I dooooon't knooooow! :(
Should it be obvious from the problem? I'm so confused by this.

And thanks for the welcome. :)

4. Sep 4, 2008

### Hootenanny

Staff Emeritus
No problem, I see from your initial post that this is your first physics class, do you have a class text? Have you come across kinematic (SUVAT) equations before?

5. Sep 4, 2008

### Lida

Ok. I have a book called "How to Solve Physics Problems" and it uses 9.8 a lot for free falling objects, so I'm guessing that might be the acceleration of a falling object?

If that's the case, then the shot tower is 39.2 m right?

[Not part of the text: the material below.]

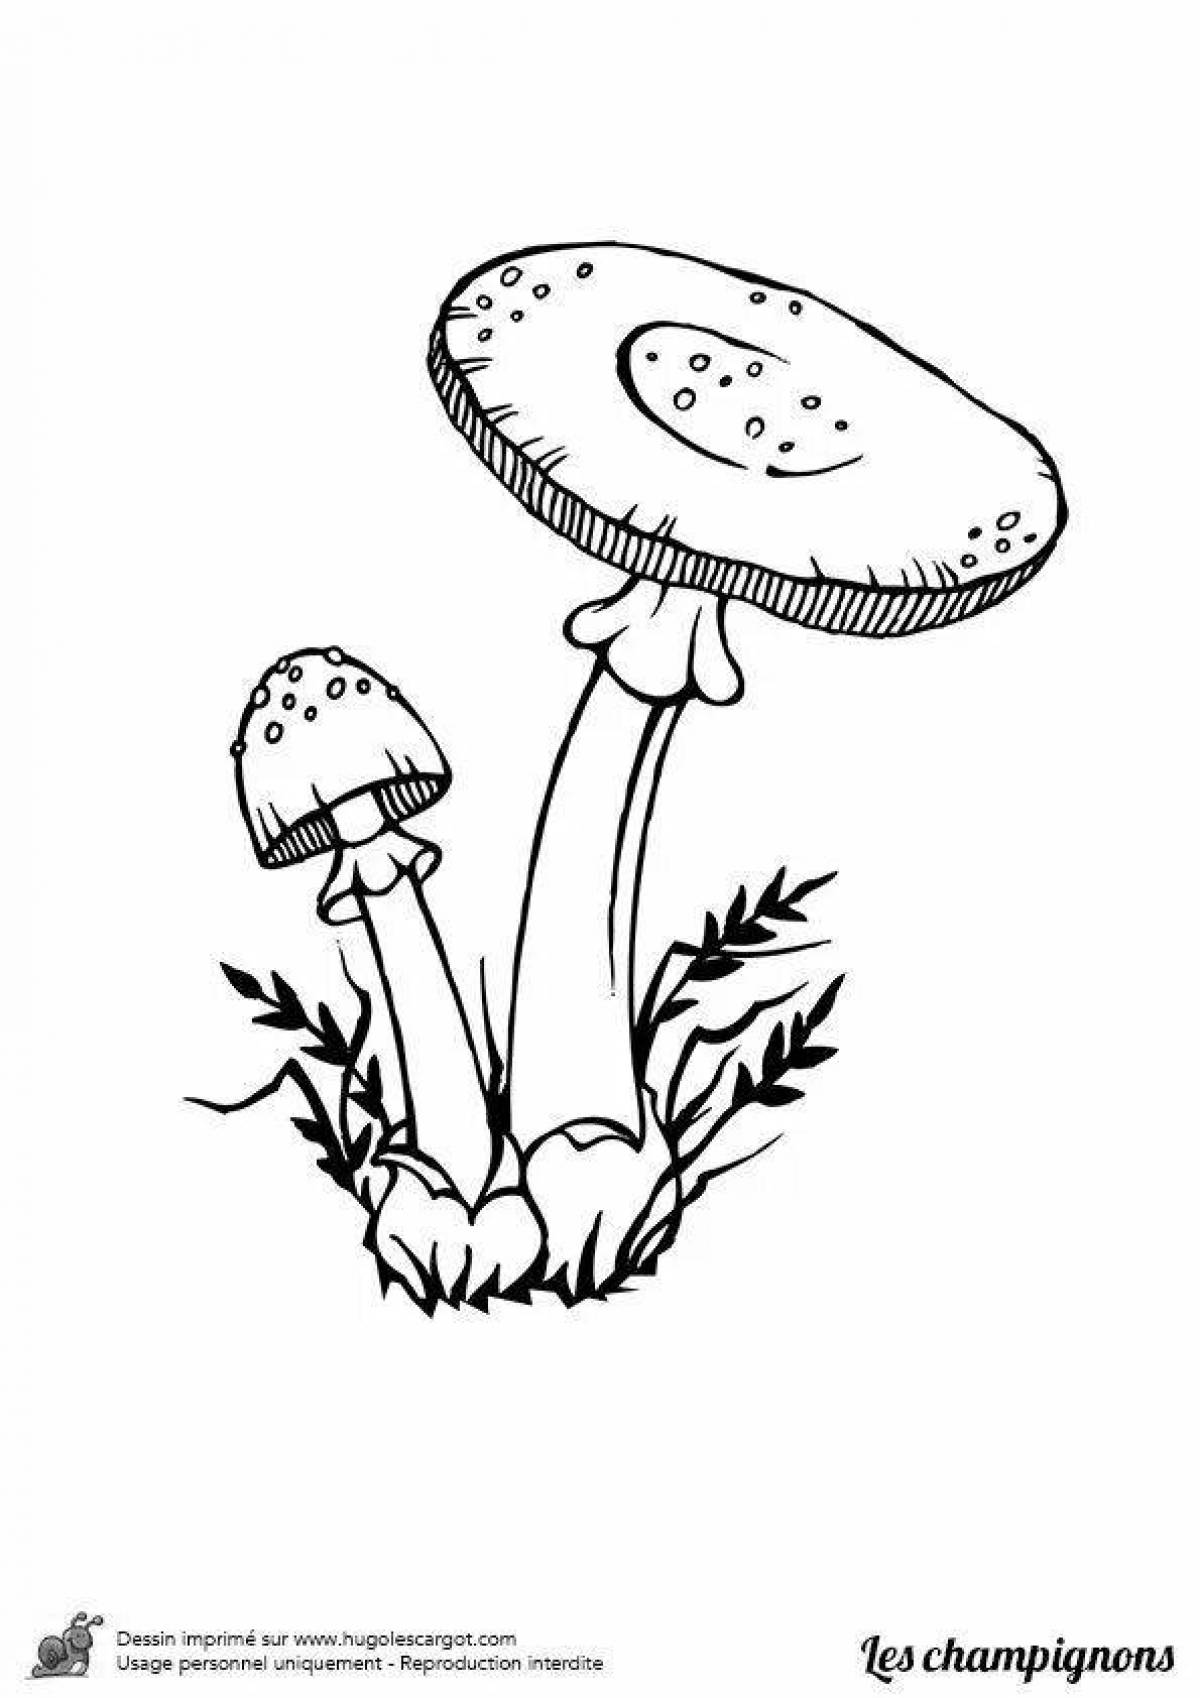 Фото Радиантная раскраска ядовитые грибы

And I got that the velocity was 9.8 m/s, but I'm not so sure about that. Is it right?

Thanks!

6. Sep 4, 2008

### Hootenanny

Staff Emeritus
Correct. 9.8 m/s2 is the acceleration due to gravity or the acceleration of an object in freefall.
Not quite, perhaps if you detailed you calculations we could point out where you're going wrong.

7. Sep 4, 2008

### chislam

No, that's incorrect. Use this equation, and solve for y (height). Make sure that you plug in your known variables: a (acceleration), t (time).

$$y = \frac{1}{2}at^2$$

8. Sep 4, 2008

### Lida

With this formula I got 192.08m for the tower and 48.02m/s for my velocity. Closer?

9. Sep 4, 2008

### Lida

I multiplied 9.8 by 4 in an attempt to reverse the equation for acceleration.

10. Sep 4, 2008

### Hootenanny

Staff Emeritus
Last edited by a moderator: Apr 23, 2017
11. Sep 4, 2008

### Lida

Now I figured 39.2 as my velocity and got 348.88 for the tower. This doesn't seem right, but I did that using the x-x0= v0t + 1/2at^2 equation. ( I'm using 192.08 for 1/2at^2)

Using 19.6 instead of 192.08, because I think that might be where I'm going wrong, I end up with 176.4.

Are either of my answers right?

How do I figure out the difference between x and x0?

Last edited: Sep 4, 2008
12. Sep 4, 2008

### Lida

I think the answer is 78.4 now...hopefully.

13. Sep 5, 2008

### Hootenanny

Staff Emeritus
Correct

14. Sep 5, 2008

Finally!

Thanks!